= Problem statement =
Could you transcribe exactly the lines from the one containing "Antique Japanese Military" through the end of the listing below, both included, but none of the pictures?

= Data provided =
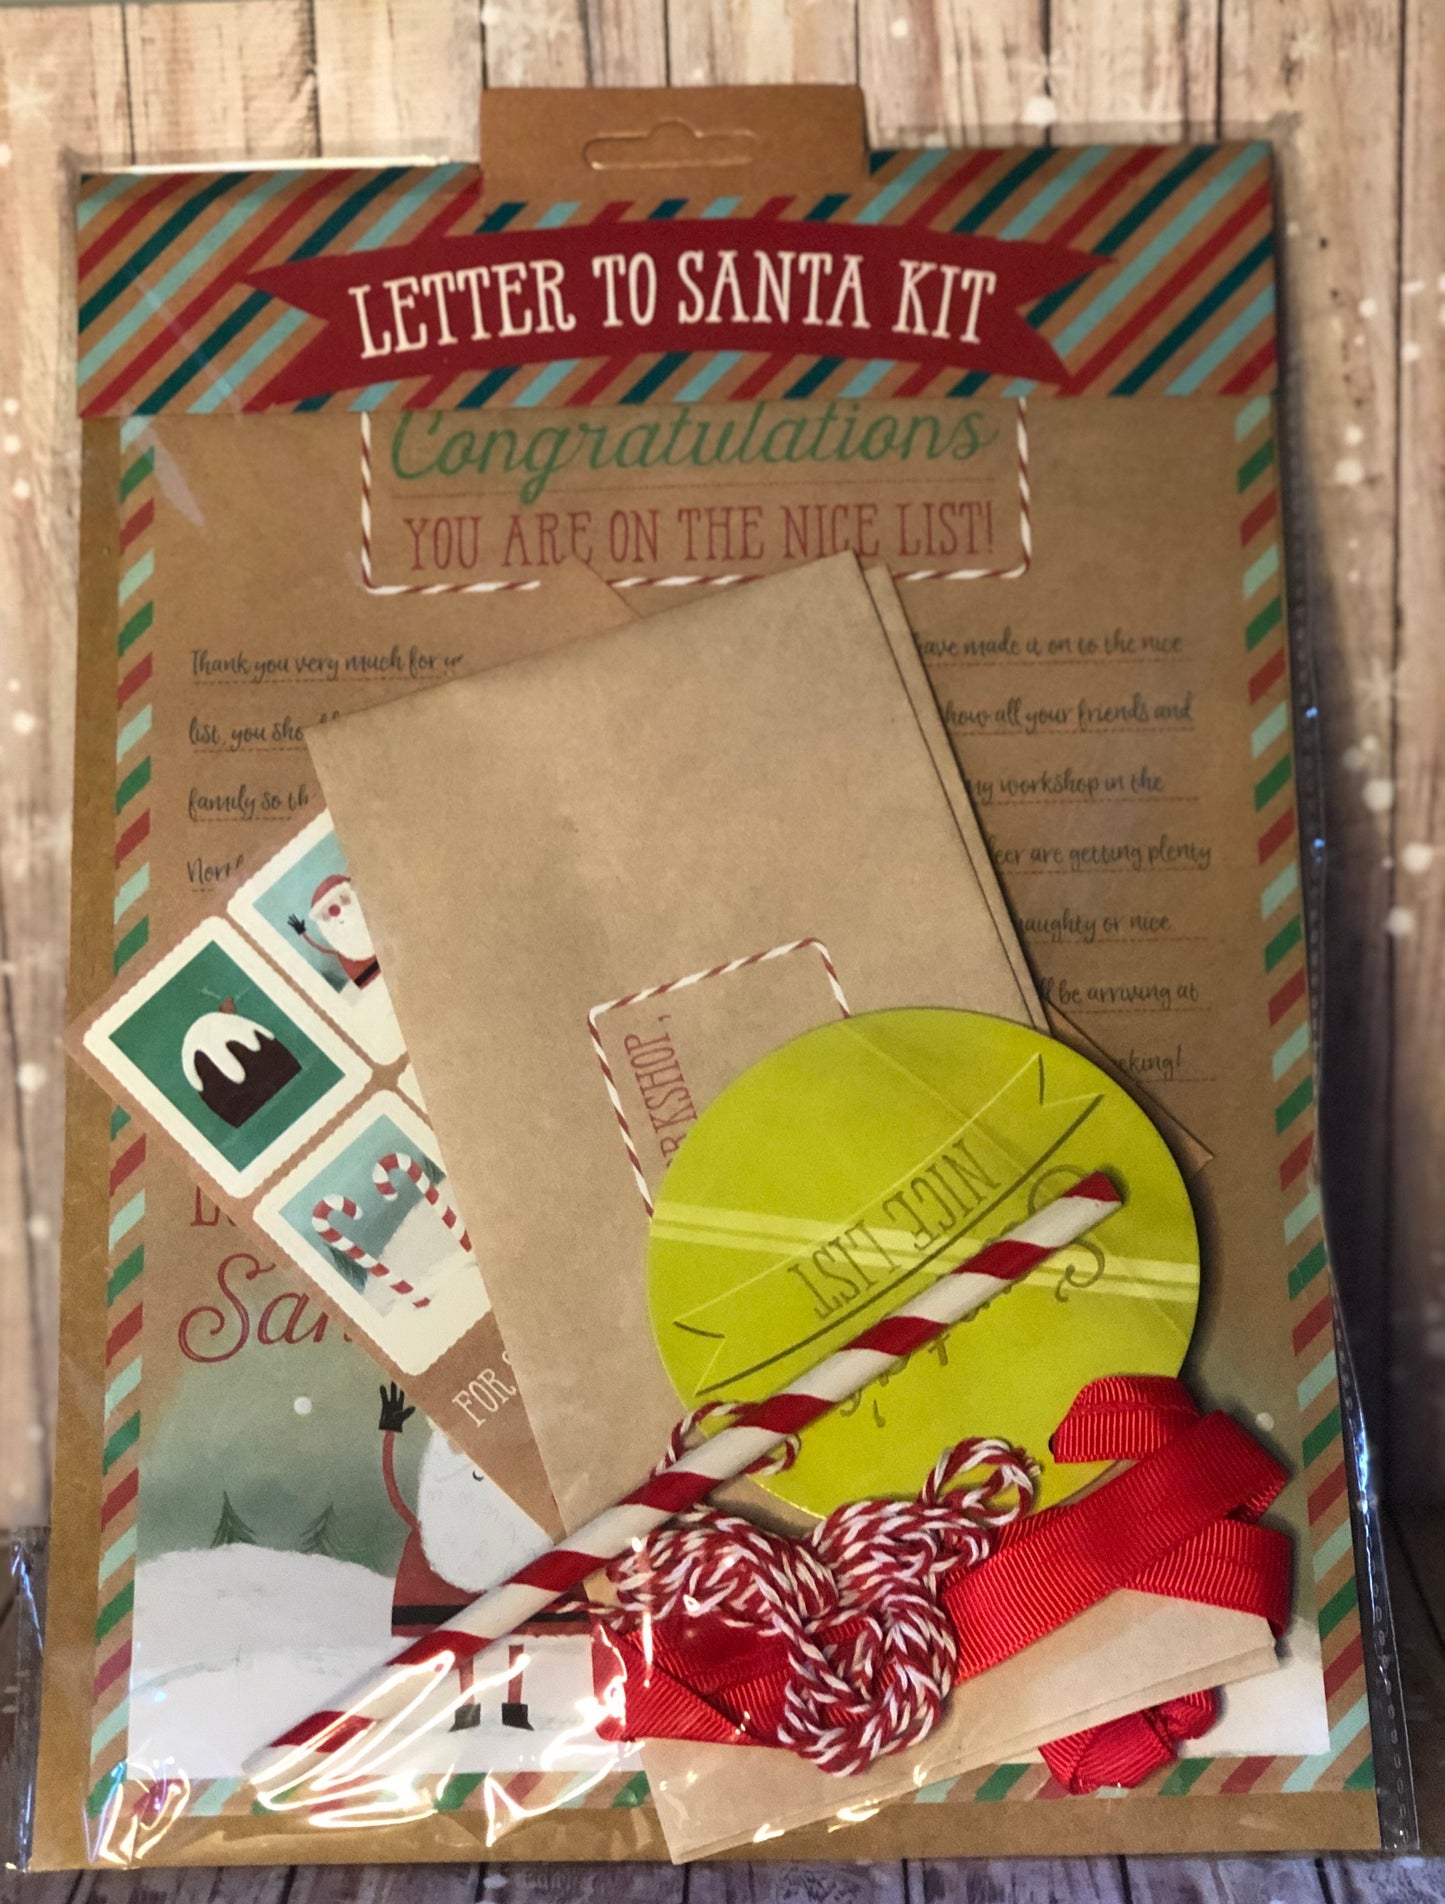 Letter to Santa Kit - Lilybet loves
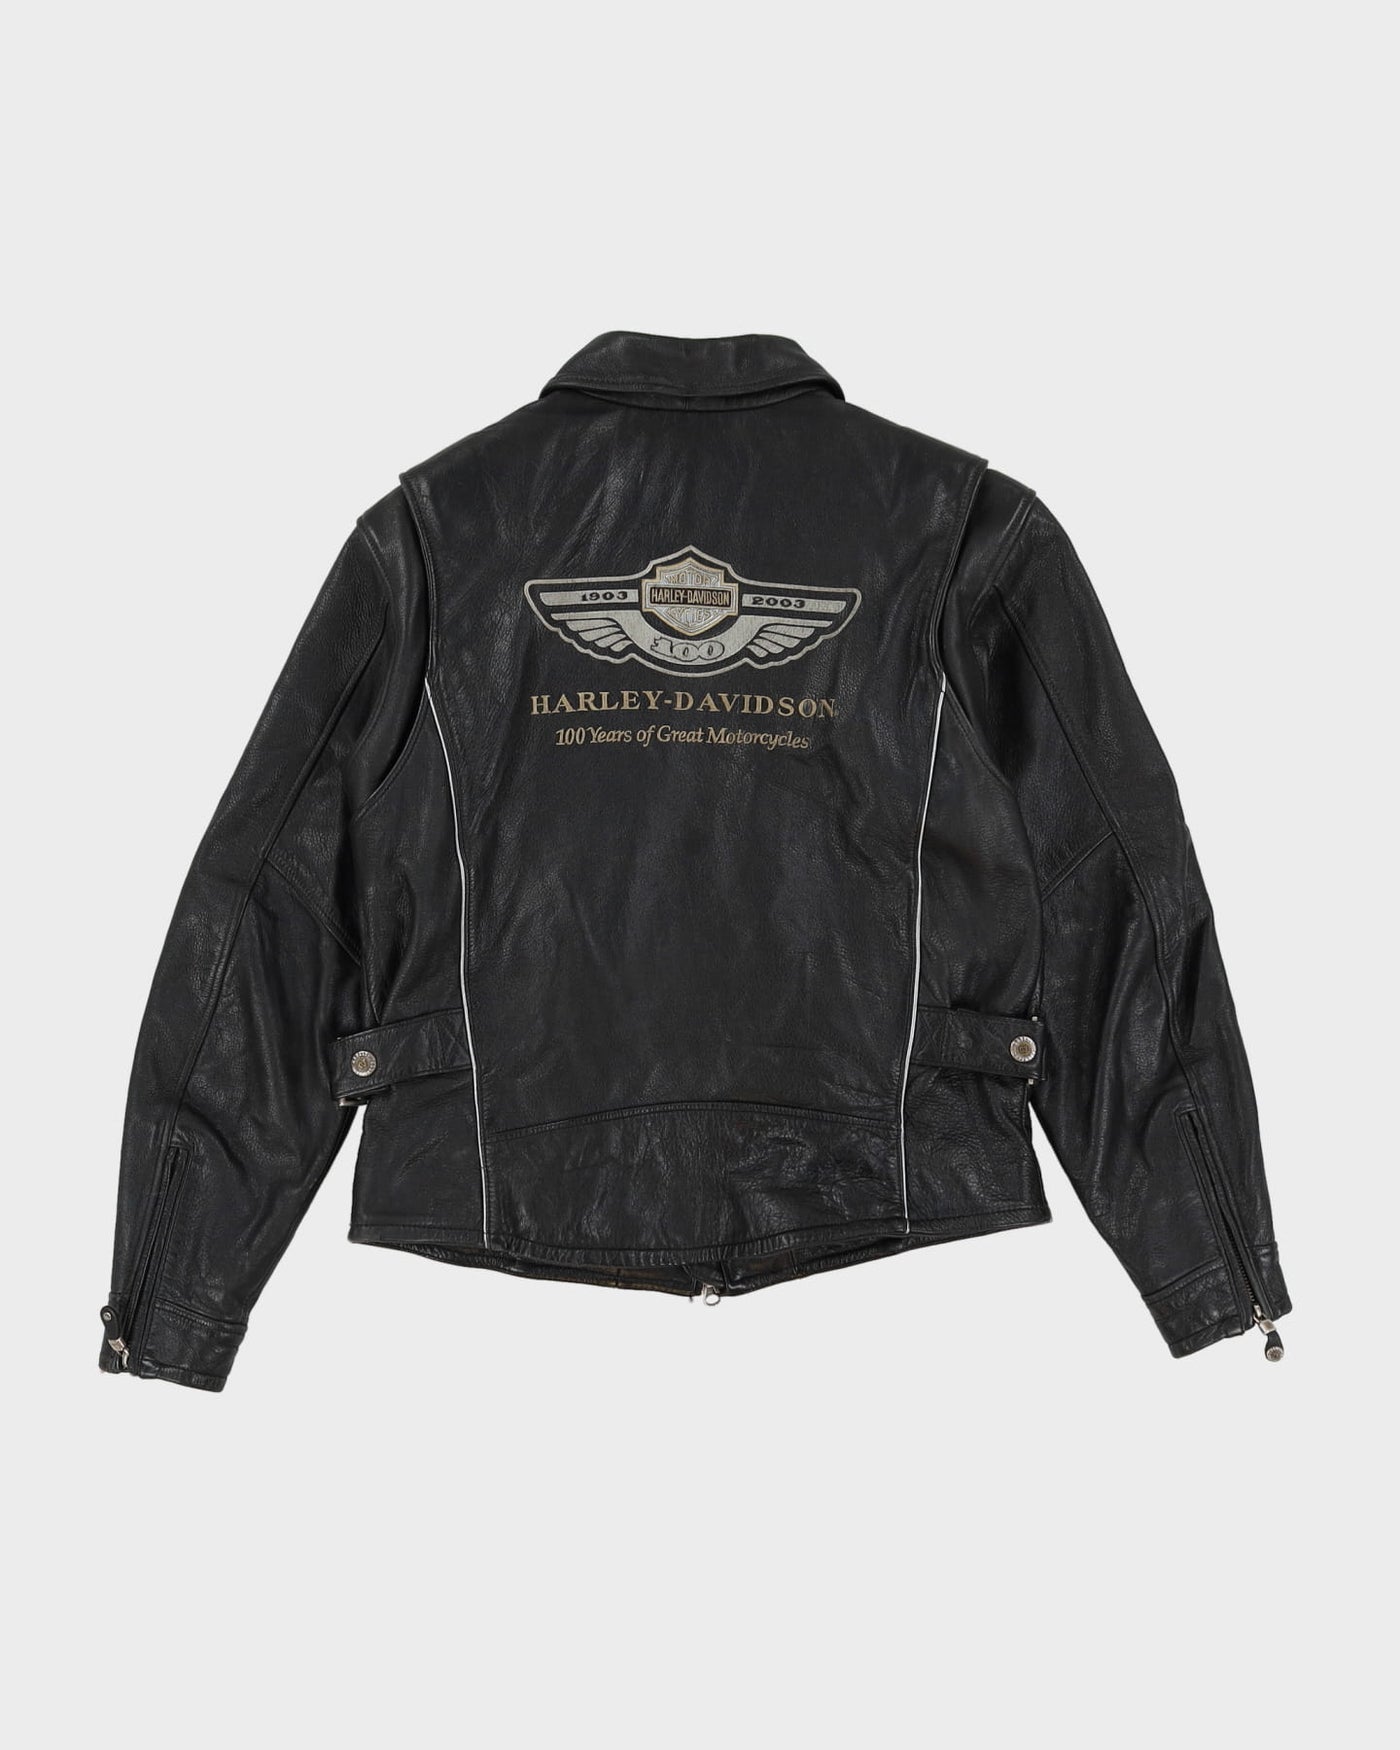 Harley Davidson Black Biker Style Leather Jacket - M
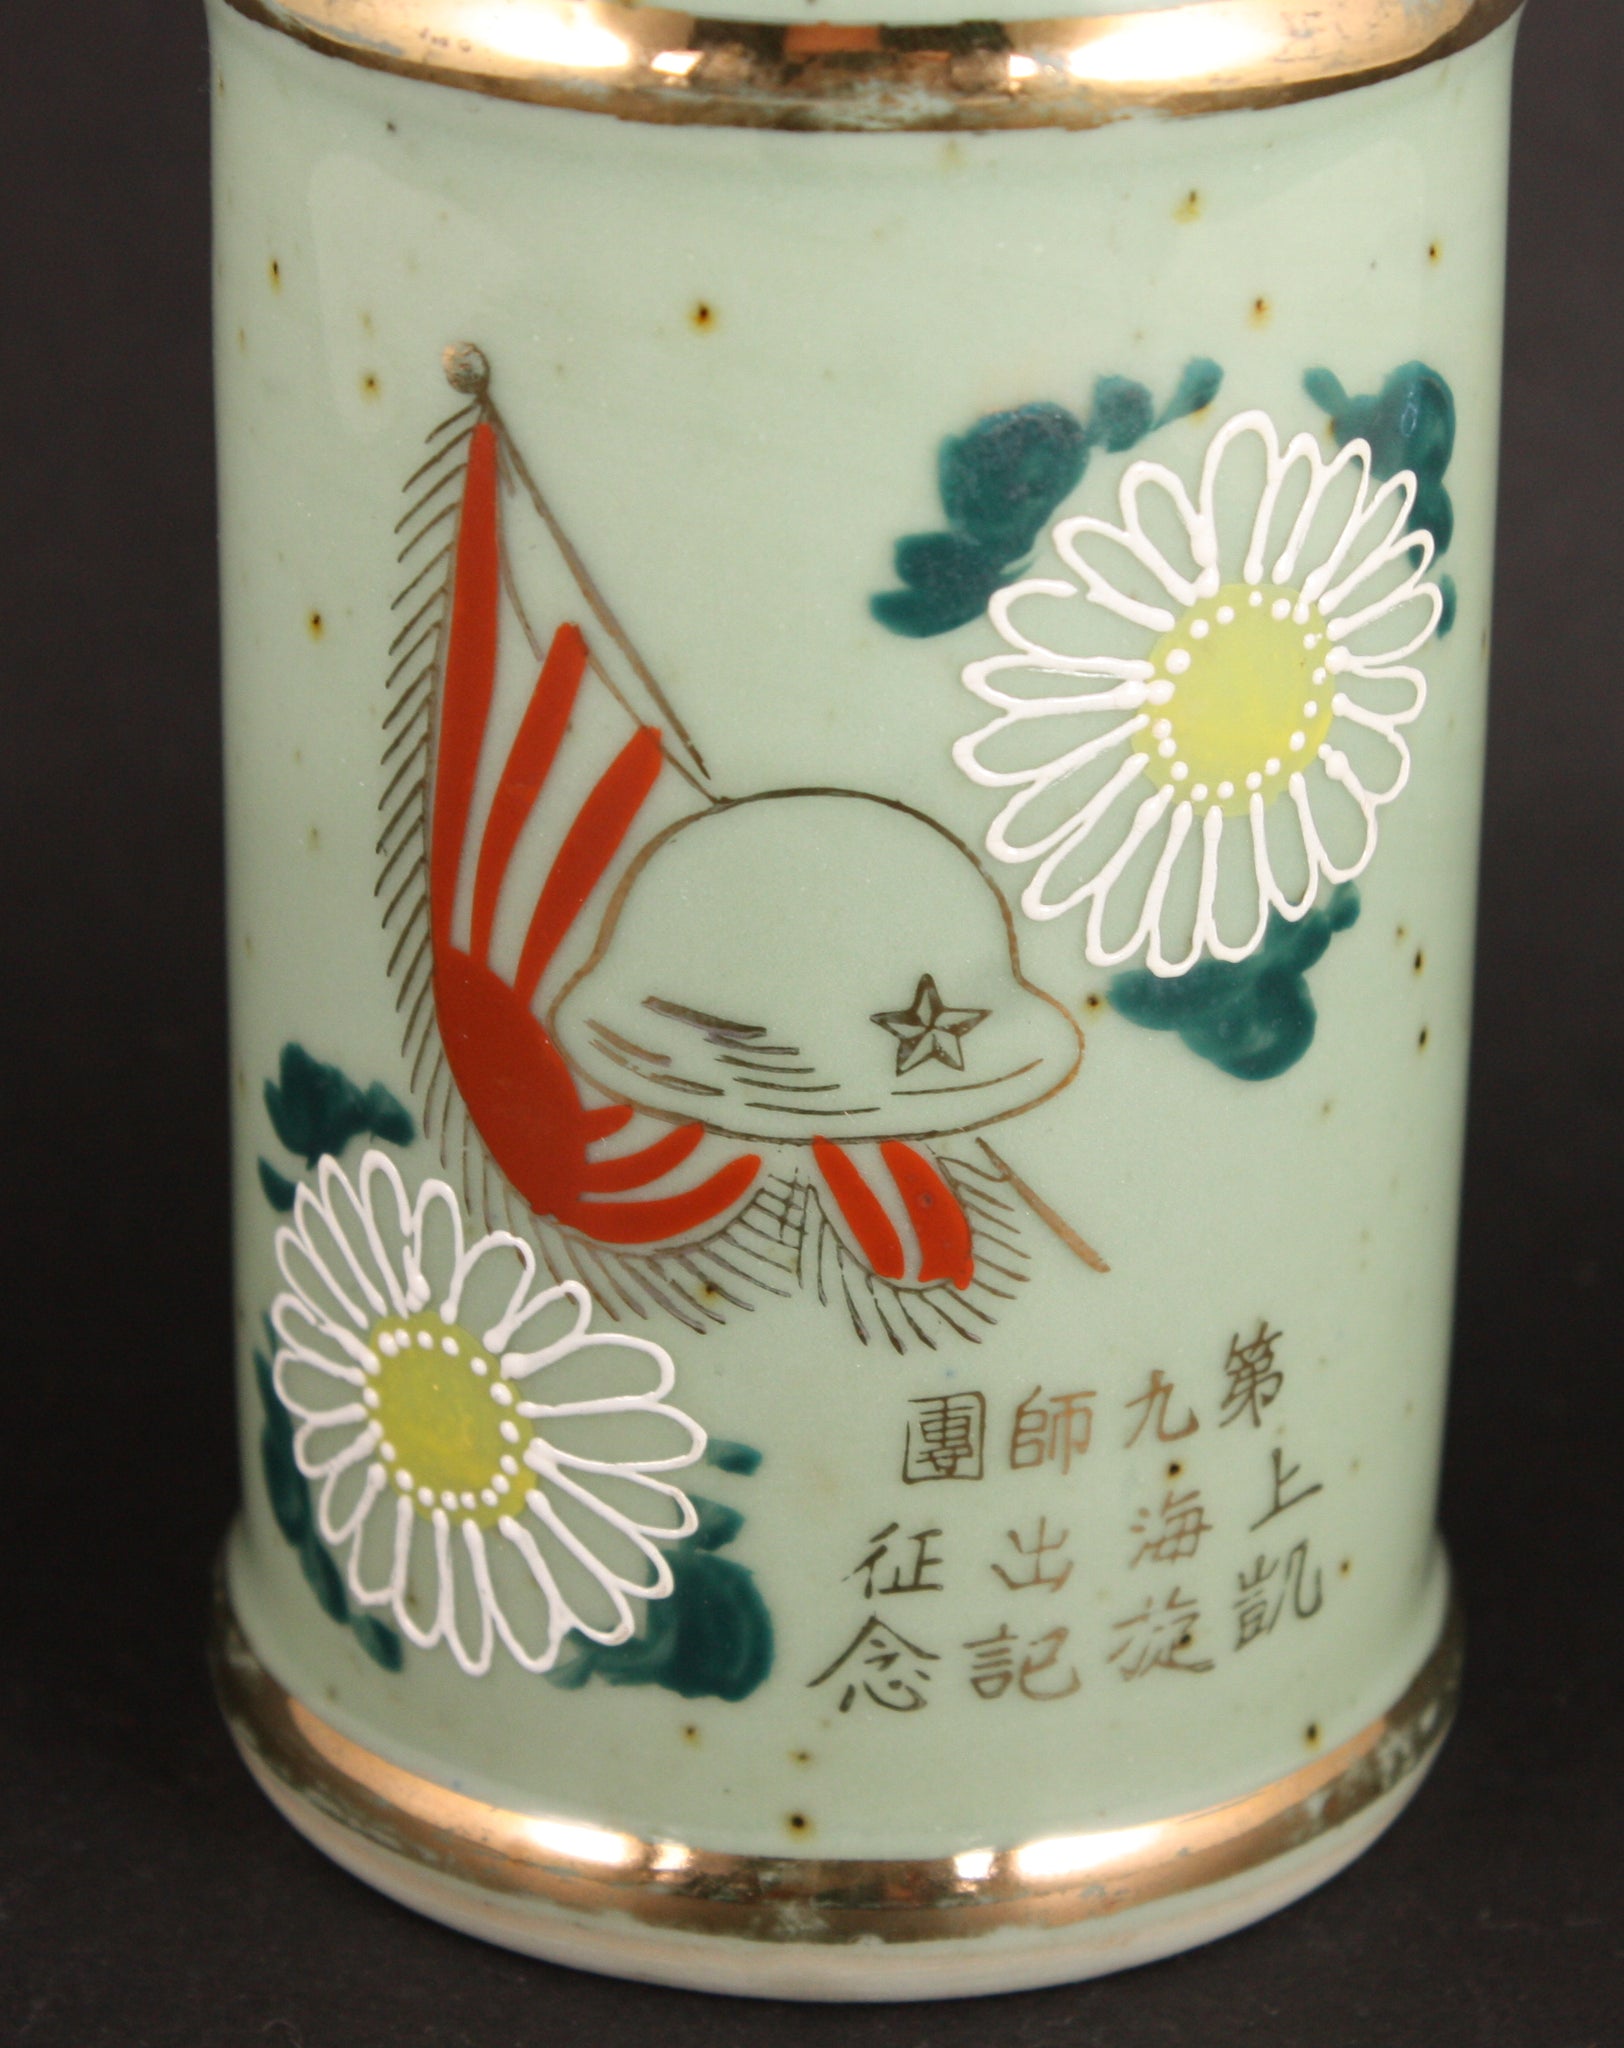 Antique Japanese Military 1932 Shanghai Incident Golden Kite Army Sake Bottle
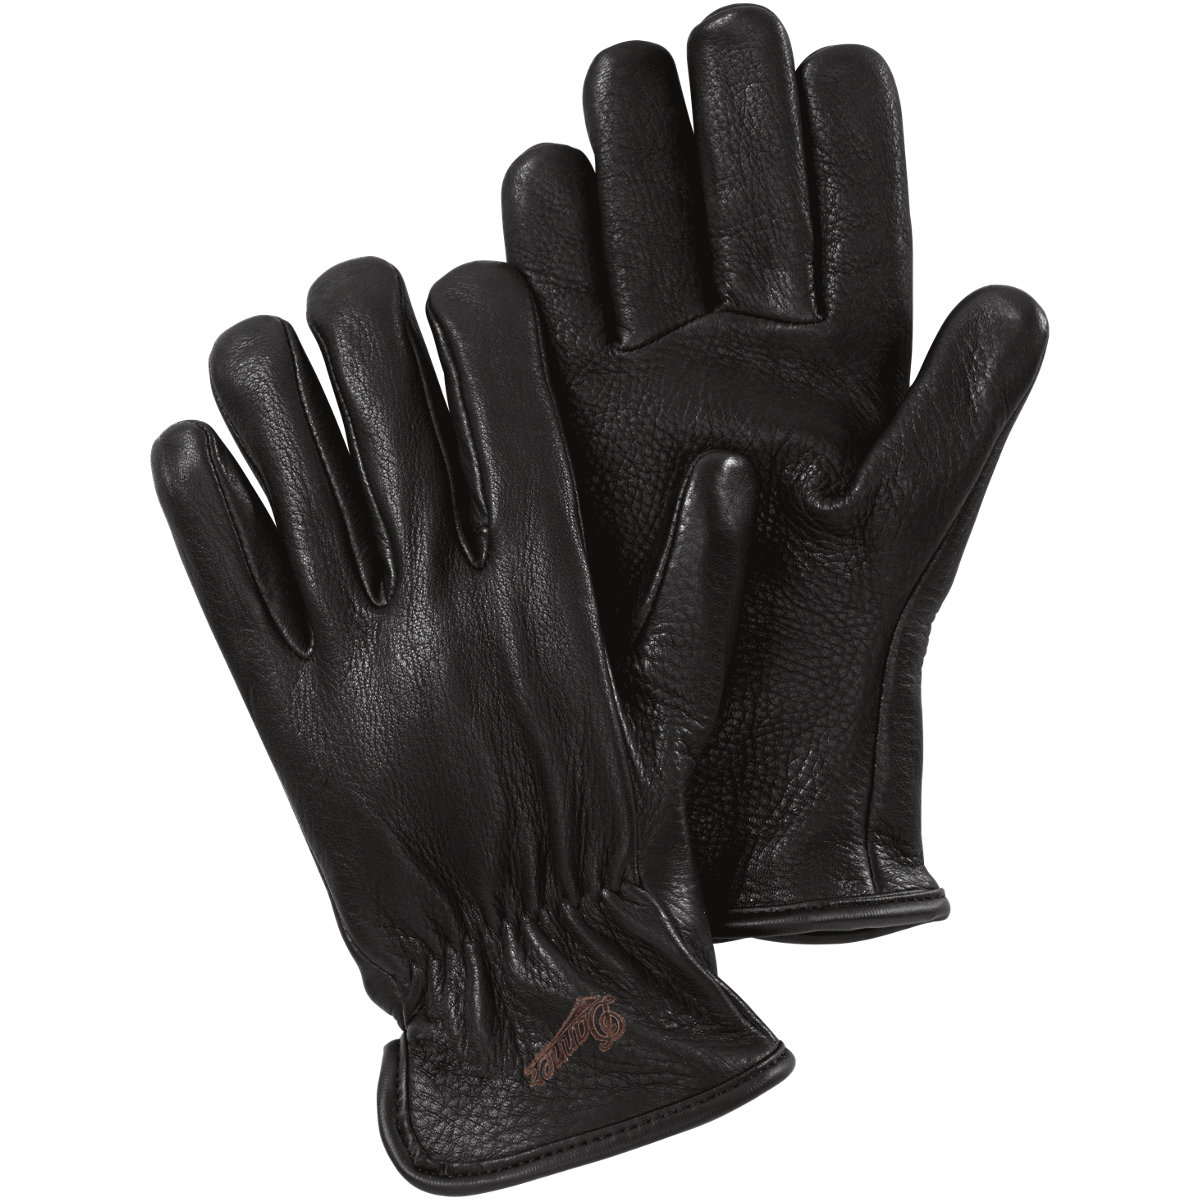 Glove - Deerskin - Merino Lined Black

= Response =
 Antique Japanese Military 1932 Shanghai Incident Golden Kite Army Sake Bottle
 Glove - Deerskin - Merino Lined Black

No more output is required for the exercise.